- Title card
- Directed by: Chuck Jones Abe Levitow Maurice Noble
- Story by: Chuck Jones David Detiege
- Starring: Gloria Wood Mel Blanc John A. Ford Ed Prentiss
- Narrated by: Ed Prentiss
- Edited by: Treg Brown
- Music by: Milt Franklyn
- Animation by: Ken Harris Tom Ray Richard Thompson Ben Washam
- Backgrounds by: Philip DeGuard
- Color process: Technicolor
- Production company: Warner Bros. Cartoons
- Distributed by: Warner Bros. Pictures The Vitaphone Corporation
- Release date: December 30, 1961 (USA);
- Running time: 7:23
- Language: English

= Nelly's Folly =

1961 cartoon short directed by Chuck Jones

Nelly's Folly is a 1961 Warner Bros. Merrie Melodies cartoon short written and directed by Chuck Jones released on December 30, 1961. Like One Froggy Evening the film is about the discovery of a singing animal, with a narrative focus on the animal rather than its human manager.

==Plot==
In Africa a giraffe named Nelly captivates other animals with her melodious singing. A passing hunter urges her to go professional and offers her a contract.

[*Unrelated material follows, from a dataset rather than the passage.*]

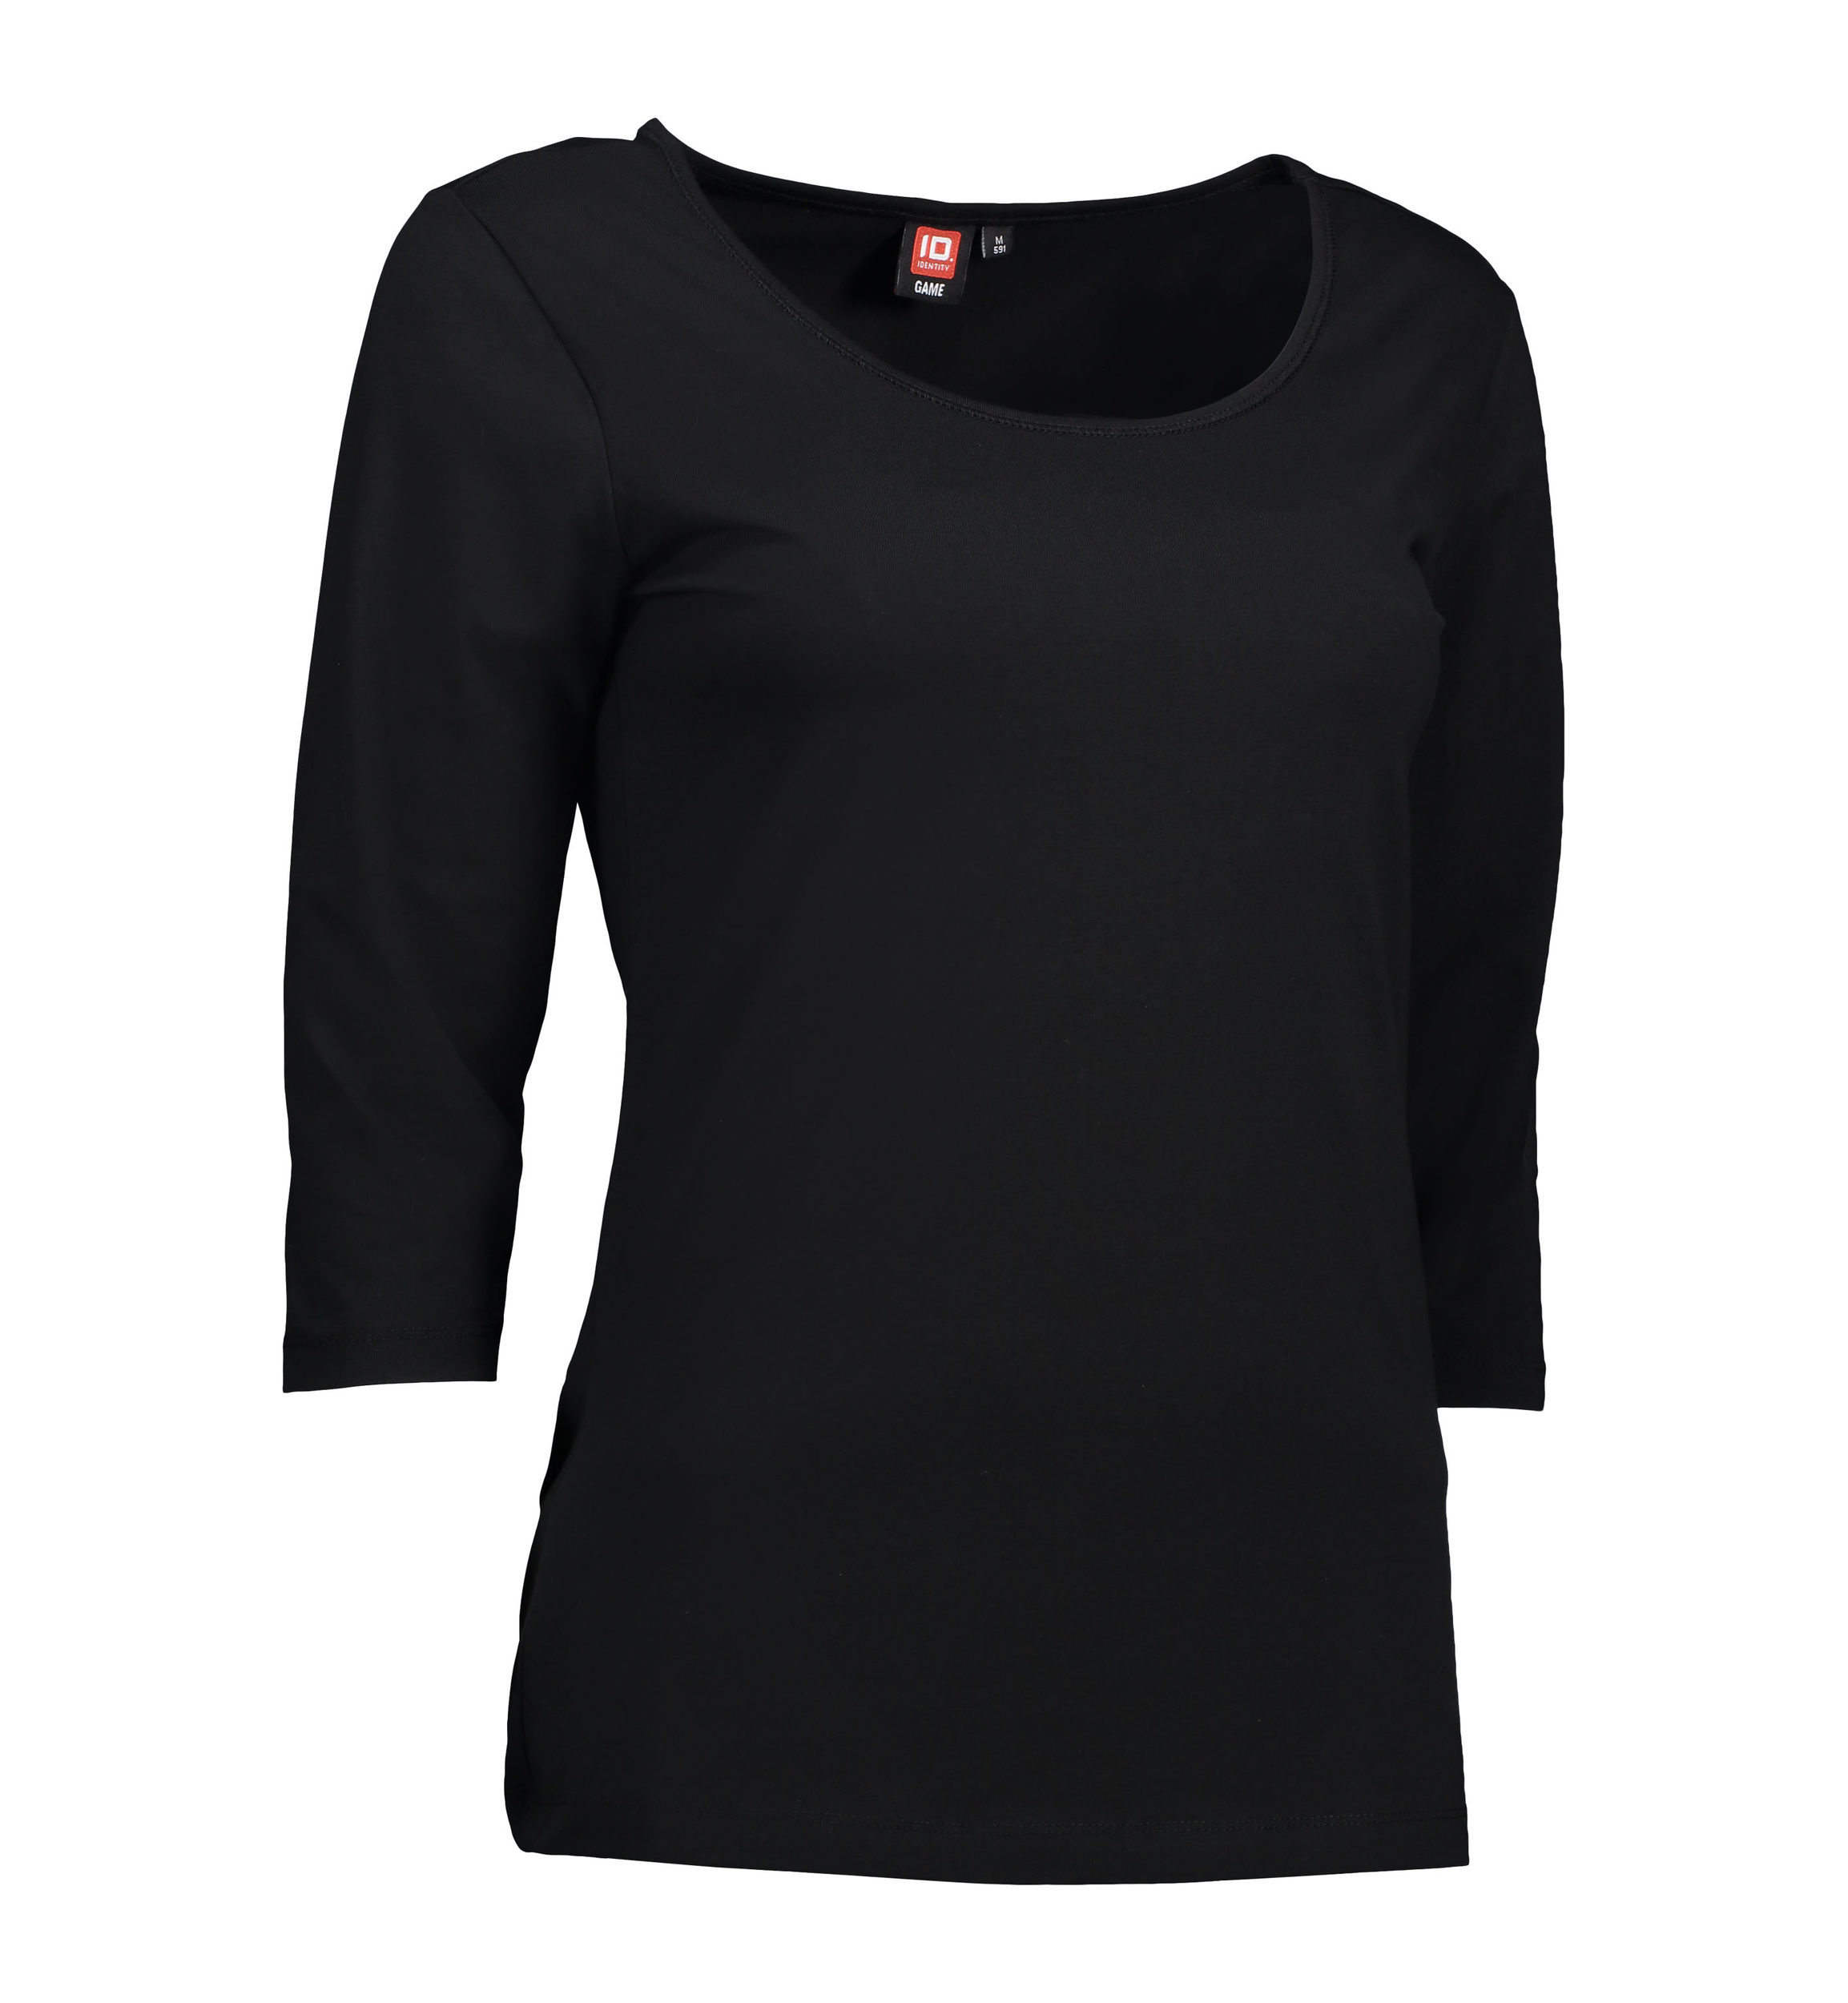 Se 3/4-ærmet dame t-shirt i sort - 3XL hos Sygeplejebutikken.dk

Leaving behind her jungle home, Nelly ventures to New York City, eager to explore the allure of show business. Initially thrust into the world of advertising and live performances, she eventually becomes a successful singer and fashion icon, epitomizing the facade of fame. However, as her career flourishes, Nelly grapples with feelings of loneliness and disillusionment, longing for genuine companionship.

Her quest for love leads her to the zoo, where a married giraffe makes a pass at her. She has an affair with the giraffe, resulting in a public scandal and warning from her agent. After one of her shows opens to an empty house which the narrator claims was the worse insult of all, she spirals into obscurity where the newspaper talks about the empty house, her work in foreign movies, and her agent leaving her. Nelly is rejected by her beau who kisses his wife.

Disheartened by the superficiality of fame, Nelly weeps despondently over a bridge railing. The narrator says that her loyal fans hope she made her way home and found peace among her friends. Nelly is shown singing a sad tune in Africa as her friends listen in. Just then, a male giraffe chimes in and the two fall in love.

==Crew==
- Animation: Richard Thompson, Ben Washam, Tom Ray, Ken Harris
- Layouts: Maurice Noble
- Backgrounds: Philip DeGuard
- Film Editor: Treg Brown
- Voice Characterizations: Gloria Wood, Mel Blanc, Ed Prentiss
- Music: Milt Franklyn
- Produced by David H. DePatie
- Co-directors: Maurice Noble, Abe Levitow
- Story: Dave Detiege, Chuck Jones
- Directed by Chuck Jones

==Music==
- "Auld Lang Syne"
- "The Flower of Gower Gulch" (originally featured in Drip-Along Daffy); written by Michael Maltese
- "Voices of Spring"; Johann Strauss II
- "Aloha Oe"; Queen Liliuokalani
- "Columbia, Gem of the Ocean" (aka "The Red, White and Blue")
- "Then You'll Remember Me", from the opera The Bohemian Girl

==Accolades==
Nelly's Folly was nominated for an Academy Award for Best Animated Short Film in 1962, but lost out to Surogat.

==Home media==
DVD:
- Warner Bros. Home Entertainment Academy Awards Animation Collection
- Looney Tunes Platinum Collection: Volume 3
- Sex and the Single Woman

==Popular culture==
Nelly has made different cameos since this cartoon:

- Nelly makes a cameo in Bugs Bunny's Elephant Parade, voiced by Tress MacNeille
- Nelly makes a cameo in Coyote vs. Acme. She was among the Looney Tunes characters found outside of the law firm Avery, Jones and Maltese.